Using 16-slice CT portography can noninvasively diagnose CTPV. The appearances of CTPV on the 16-slice CT portography can provide helpful information for surgeons to make an accurate preoperative decision. MIP is the optimal technique for displaying CTPV.

摘要

目的

评估16层CT门静脉造影技术及门静脉海绵样变性(CTPV)的表现,并探讨其与原位肝移植(OLT)手术方式的相关性。

材料与方法

对24例CTPV患者使用16层CT扫描仪进行三期扫描。24例患者中有21例为OLT候选者。平扫后行CT增强扫描。
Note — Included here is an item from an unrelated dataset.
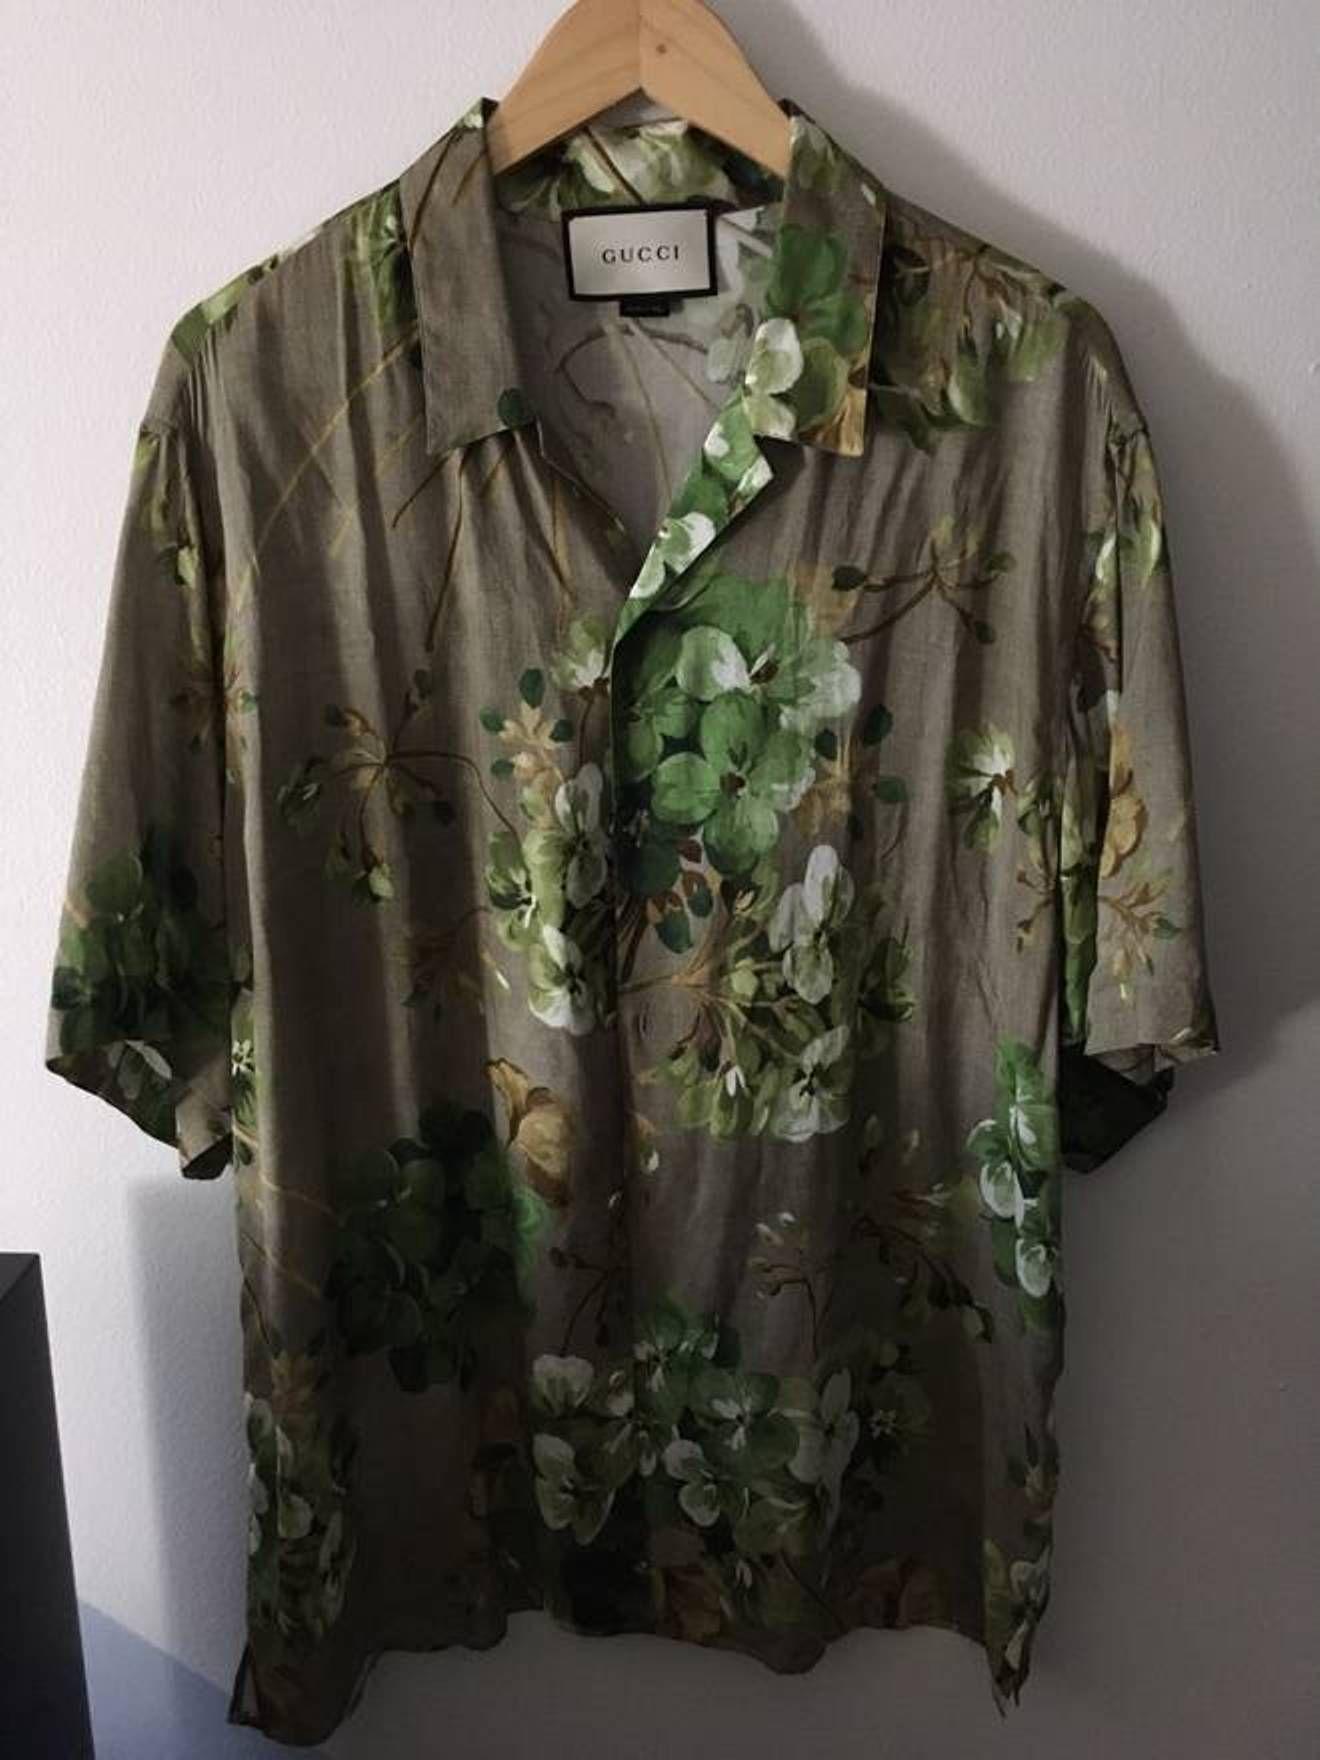 e52a0e935 S/S 16 Floral Viscose Shirt | Plagg. | Shirts, Gucci och Floral

参数如下:层厚2.5mm,重建间隔1.3mm,流速3 - 4mL/s,对比剂100mL,延迟时间分别为20、50和70s。由一名放射科医生进行包括最大密度投影(MIP)、容积再现(VR)和表面遮盖显示(SSD)在内的图像后处理。两名放射科医生评估血栓形成的部位和程度、侧支血管以及肠系膜上静脉(SMV)或脾静脉(SV)。对侧支血管的细节、血栓形成部位进行分级并记录。1分表示门静脉主干部分血栓形成;2分表示门静脉主干完全血栓形成;3分表示门静脉主干完全血栓形成加近端SV或SMV血栓形成,其余静脉直径正常;4分表示门静脉主干完全血栓形成加超过一半的SV或SMV血栓形成,其余静脉直径变细;5分表示门静脉主干、SV和SMV中的一条或两条完全不显影,其余静脉直径变细。此后13例患者接受了OLT。逐例查阅手术记录。

结果

所有病例均获得MIP图像,16例获得VR图像,5例获得SSD图像。这些图像能够显示血栓形成的部位、程度及侧支血管。所有患者均有向肝性侧支血管。21例OLT候选者中,11例为1分,2例为2分,4例为3分,1例为4分,3例为5分。21例候选者中有14例行供体与受体门静脉端端吻合,其中11例为1分,2例为2分,2例为3分。2例3分患者的SV正常;行供体门静脉与受体SV端端吻合。2例患者在等待供体。6例4分或5分患者的OLT手术被取消或更改。门静脉评分与手术决策的相关系数为0.813(P值小于0.001,非参数相关性)。

结论

采用16层CT门静脉造影可无创诊断CTPV。16层CT门静脉造影上CTPV的表现可为外科医生做出准确的术前决策提供有用信息。MIP是显示CTPV的最佳技术。